I went back to the music room. When Itzhak Perlman’s wife was pregnant, André Previn wrote two songs for the baby. They didn’t know if it would be a boy or a girl, so he wrote “Noah” and “Naava.” I looked through stacks of music on the shelves and found them. I played “Naava.” It’s a perfect song for a little girl.
The Bloch Competition was five weeks away. I asked myself: Allegra, are you going to play it? If it had been five minutes away, of course the answer would have been no. Allegra, I said to myself, you do what you say you’re going to do.

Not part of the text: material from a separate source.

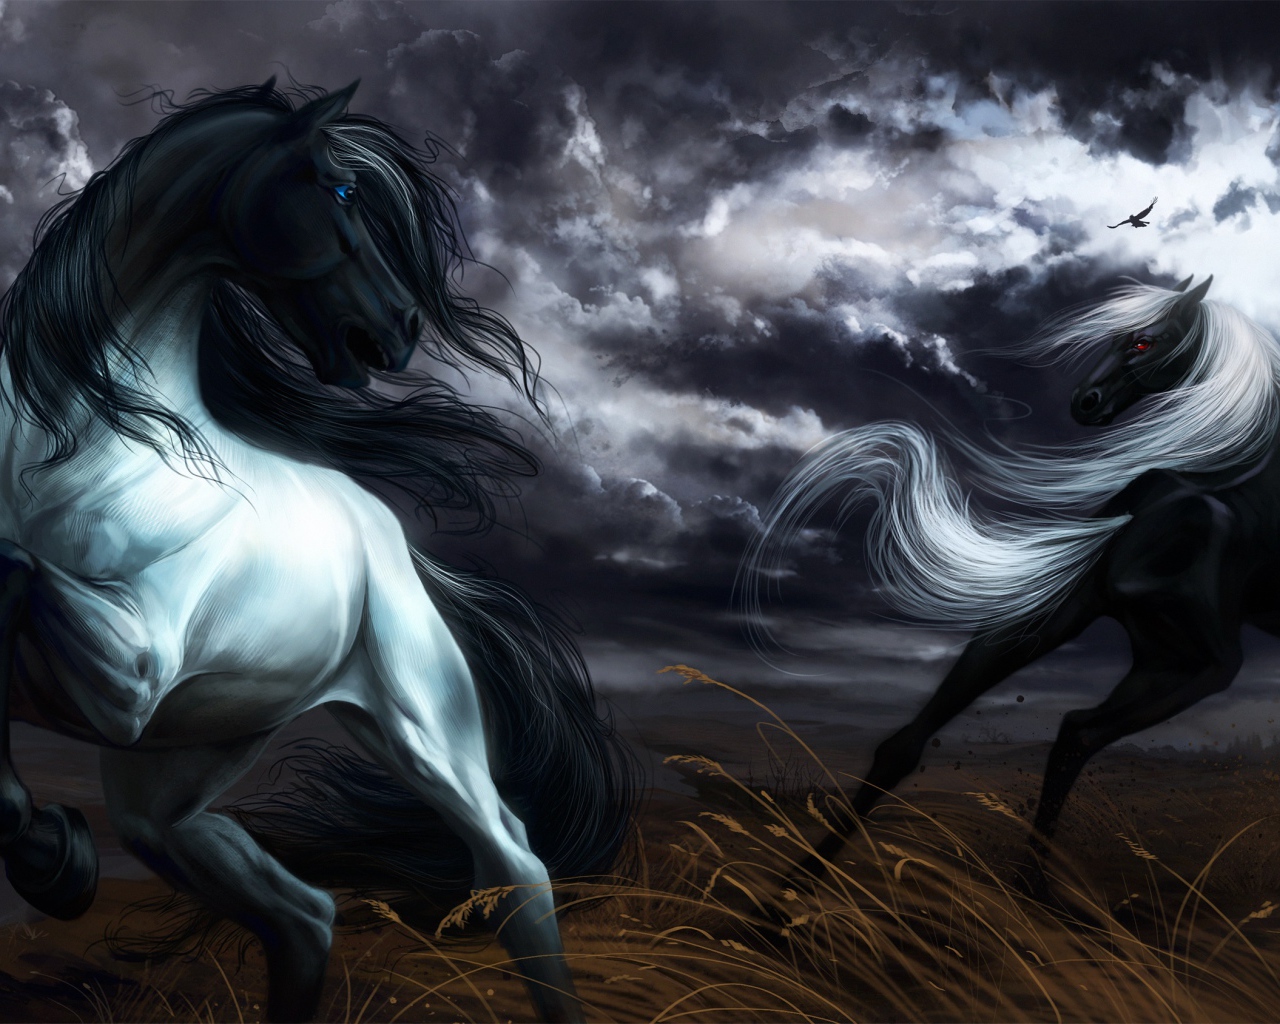 Две нарисованные черные лошади скачут под грозовым небом
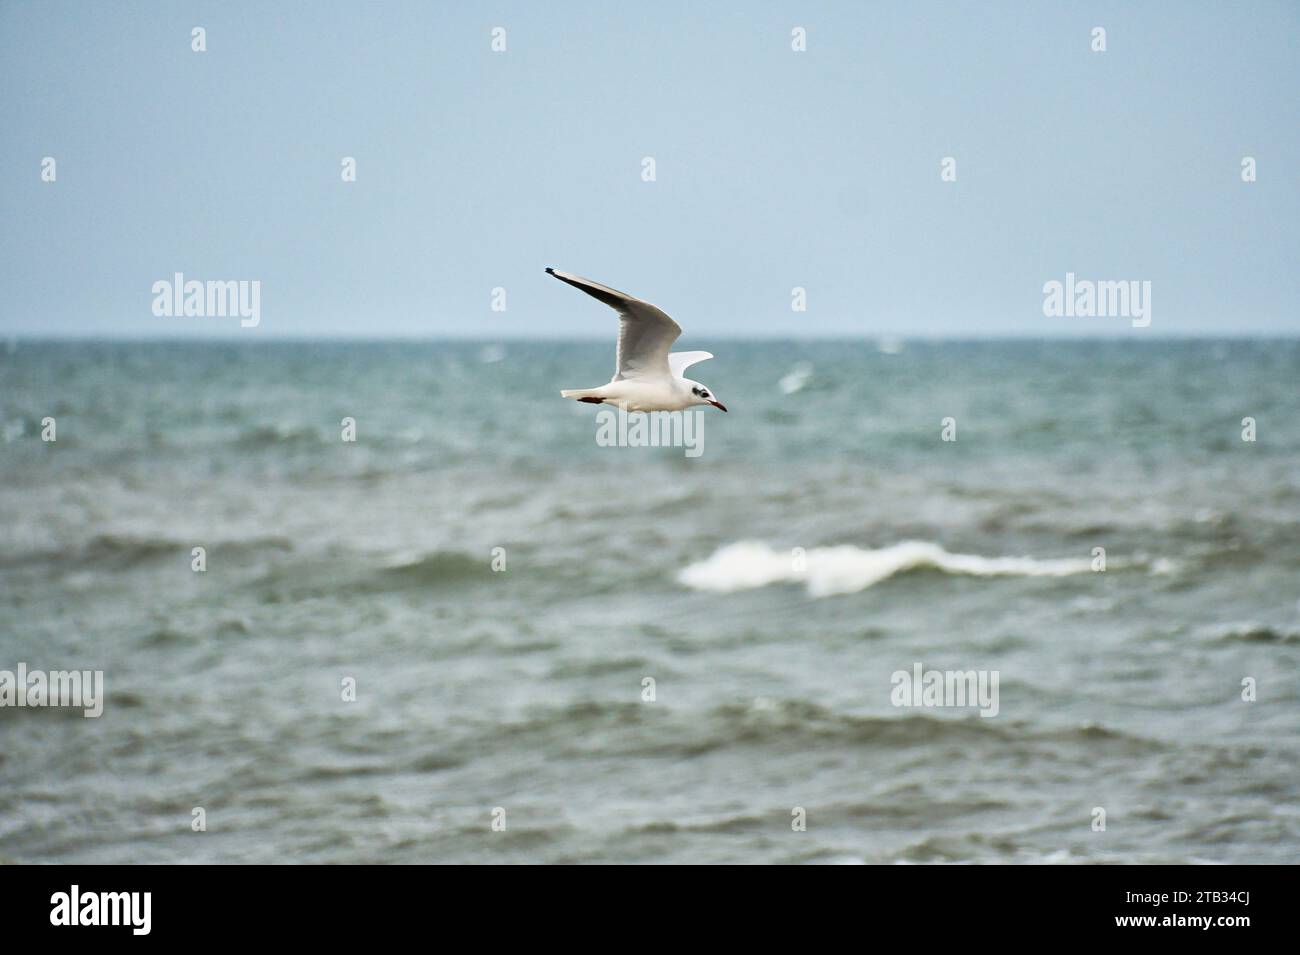 Seagull survole la mer Baltique sur la côte en face de la plage. Photo d'animal d'un oiseau. Banque D'Images

And I’d told Mr. Trouble I’d help him find his lost song. I had no idea how I was going to do it.
I looked at Elter Bubbe Leah’s purse on the sofa, I closed “Naava” and put it back on the stack of music, and I took out the Mozart. I would read the notes, like a beginner, and I would start all over again.
It would be like learning a new language. I stood in front of the music stand and read the top of the page: Mozart. Concerto no. IV in D Major. K. 218. “So how about it?” I said, out loud. Like a beginner, I
felt my way up the fingerboard to the first note and made myself read every single note, not letting my brain or my fingers run ahead. I tried to listen to the concerto as if I’d never heard it before, but it was impossible to forget.
Remember everything you know and forget it simultaneously, so you can invent a new thing. The divine inspiration of the NBA.
I couldn’t unlearn the concerto. But I could unlearn my wrong attack on it. If I could find exactly the spots where my arm was going wrong. Those spots were in my brain. Where in my brain? I looked at Elter Bubbe’s velvet purse on the sofa.
I called Sarah. She had her verdicts. Steve Landauer was a class-A jerk. He was Neek for his show-off manners; it didn’t matter if he was good-looking or not. “Arrogant” was one of the words on her summer list, and Steve Landauer was arrogant. It was partly that he had four mothers, but he was still arrogant. If anybody could find Mr. Trouble’s lost song it had to be me; I knew more music than anybody. His story was the saddest one she’d heard all summer. Mr. Kaplan was the one to blame for my Mozart problems. He was the one who told me to say “ME: Allegra Shapiro. I’M playing this concerto.” And it was no wonder I’d played too aggressively after spending a whole rehearsal with Mr. Aspen Celebrity Jerk Landauer; it was my anger coming out. And I was lucky to get such a symbol in the mail, and it was going to bring me good luck.
“But it’s a symbol of—it’s a symbol of terrible luck. My great-grandmother was dead at Treblinka. And I’m alive and what am I even doing to deserve it?” I said.
She didn’t say anything for a little while. Then she said, “You’re finding a lost song for a lost soul, Legs. I’m gonna call Jessica.”
They both showed up in less than an hour. The velvet purse was still lying on the music-room sofa on top of its tissue paper.
“I’m afraid to touch it,” Jessica said. “It’s a holy thing. I’m not even a little bit Jewish.” She stood very still on the spot where my mother had rocked Deirdre. Chinese people do ancestor worship, and it makes them feel different about their dead ones.